By Richard Trapunski

At about 10 pm on a Wednesday night, five men huddle around a single microphone. As the familiar banjo twang of Turkey In The Straw rings out from the stage, a girl in a Dropkick Murphys T-shirt do-si-dos with her blue-haired partner, while an older mustachioed gentleman stands transfixed in the corner of the room, watching intently as mandolin, fiddle and stand-up bass players take lightning-fast solos.

It feels like a meeting of worlds, but it's a familiar scene to anyone who's stopped by the Silver Dollar on a Wednesday night in the last decade and a half, where the informal virtuosos known as Crazy Strings have been uniting disparate crowds through the timeless twang of bluegrass, three sets at a time. On January 30th (2013), they celebrate the 15th anniversary of their legendary mid-week residency.

"It definitely doesn't feel like it's been that long," says fiddler John Showman, grabbing a seat in the back room between sets. "We're excited to show up and play every week, so it stays fresh."
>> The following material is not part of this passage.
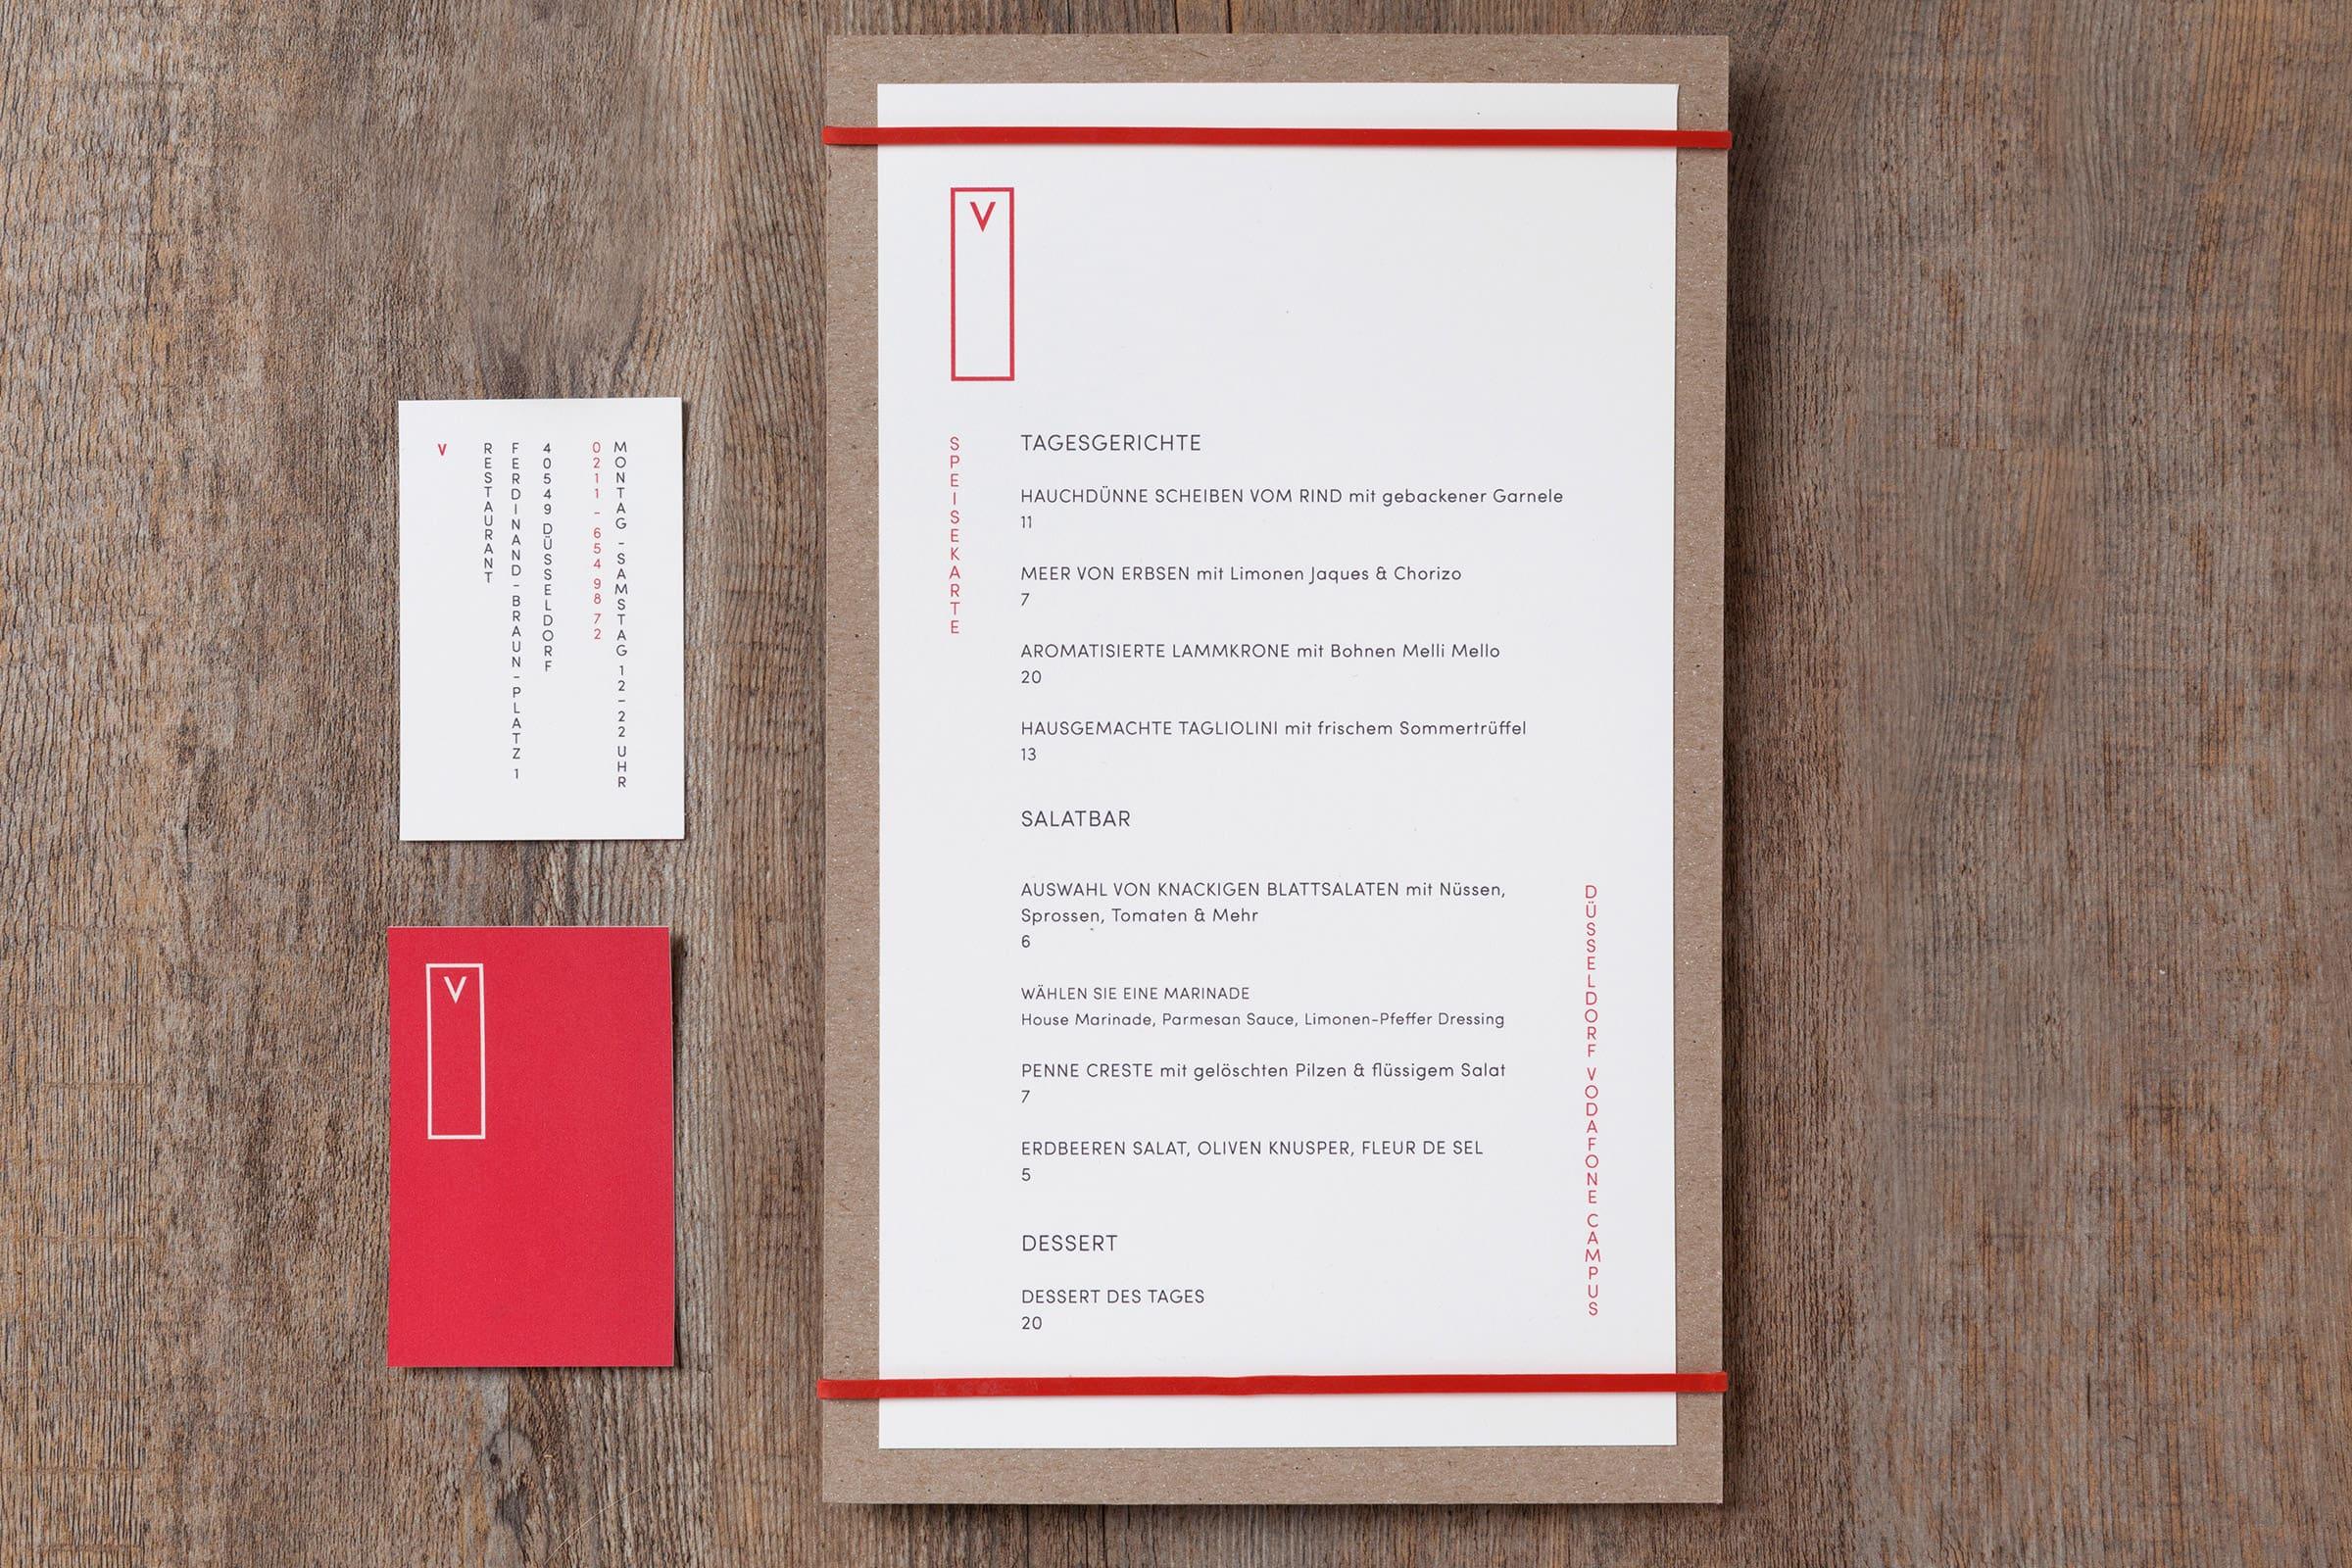 Speisekarte, Vodafone, Branding

"There's just something special about it," adds claw-hammer banjo player Chris Coole. "When you're playing bluegrass and old-time music to crowds of 100 to 150 people any given Wednesday, that really gives you a reason to put a lot into it. It's a fun room, and people get a feel for that energy."

The good vibes have a lot to do with the casualness of the band, whose bottomless repertoire allows for any of their friends to jump onstage and join in. For the anniversary show, One Hundred Dollars singer Simone Schmidt and alt-country star Doug Paisley will make appearances.
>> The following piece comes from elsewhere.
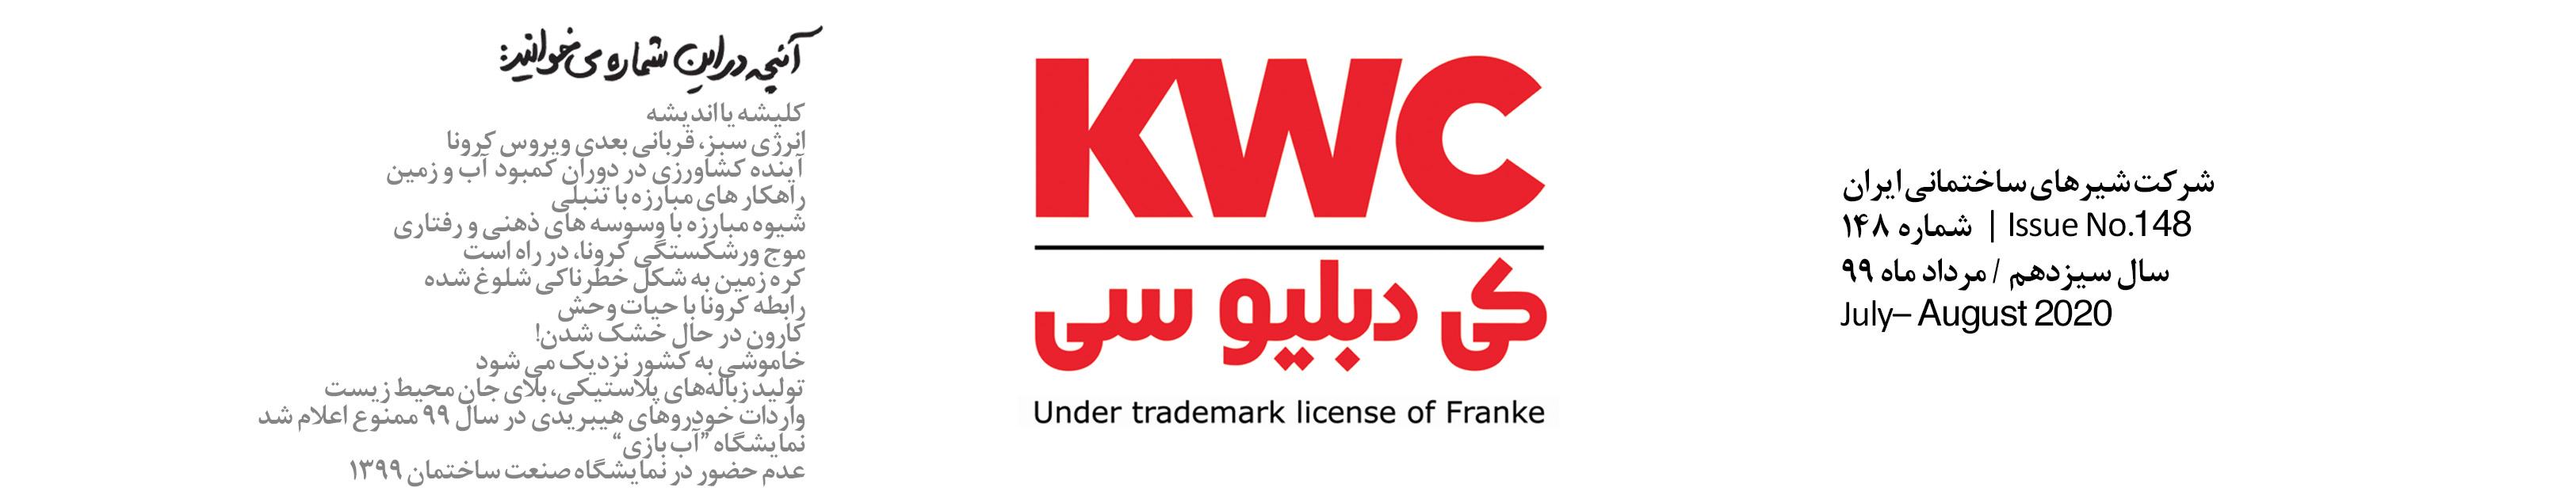 ماهنامه KWC

The Crazy Strings lineup is nearly identical to that of the Foggy Hogtown Boys, plus Marc Roy on guitar, but on Wednesday night they're always Crazy Strings.
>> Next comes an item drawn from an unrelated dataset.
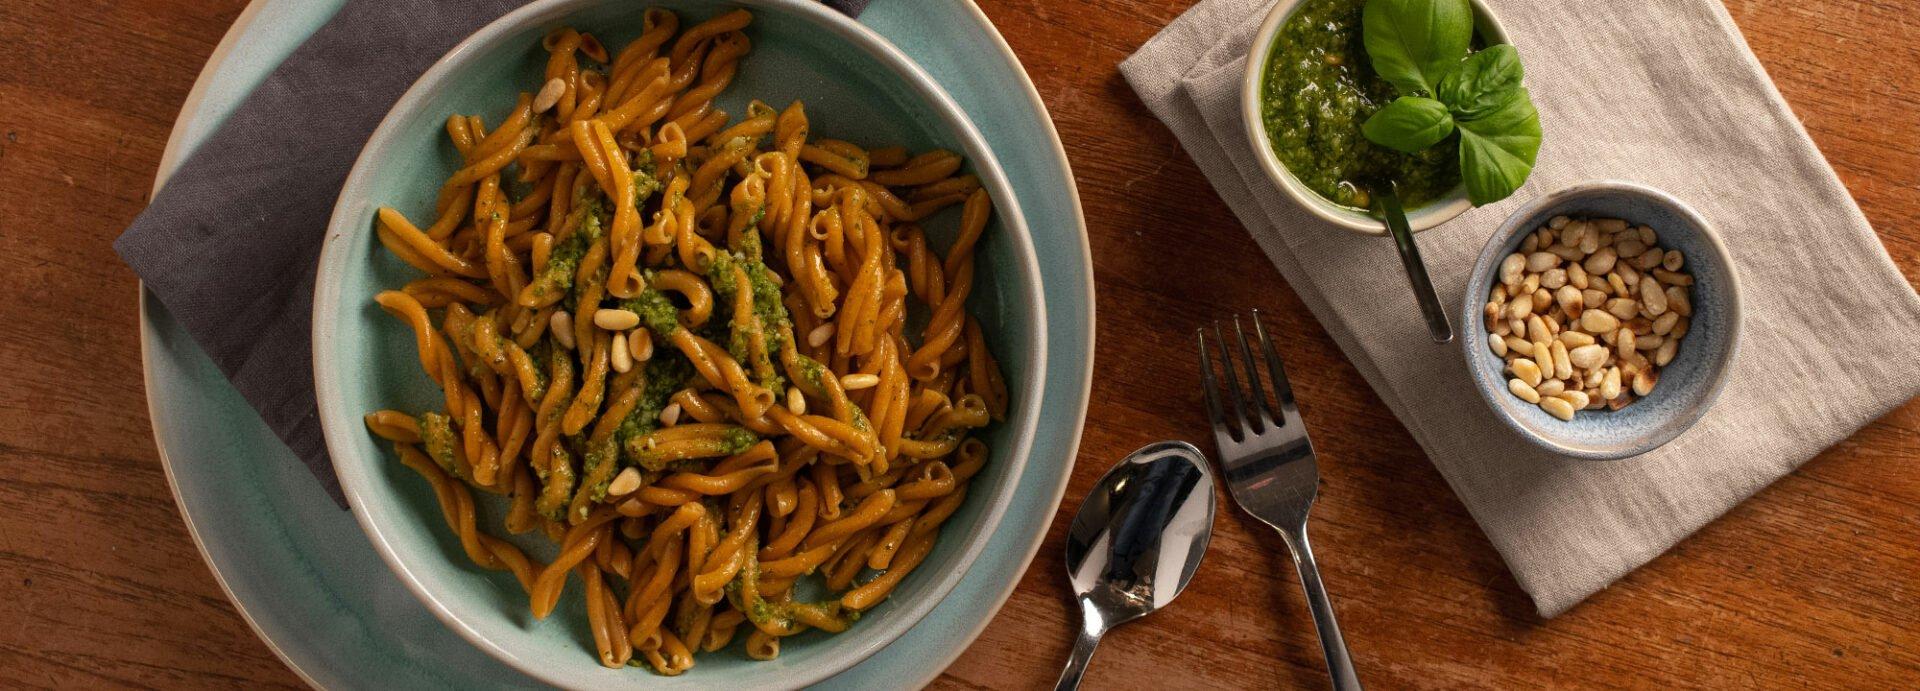 Das Nudelholz: Pasta selbst machen mit dem richtigen Pasta-Werkzeug.

"Crazy Strings pretty much exist only under this roof," says Showman.

Though some of the younger student crowd likely consider the music novelty, the residency's longevity is testament to the genre's timelessness. Bluegrass has come in and out of style, surging in popularity in 2000 thanks to the Oh Brother, Where Art Thou? soundtrack and, more recently, Mumford & Sons' arena-rock climb, but Crazy Strings have proven immune to trends.

"If you're in this music thing for the long haul," says Coole, "it helps not to rely on whether or not somebody thinks it's cool."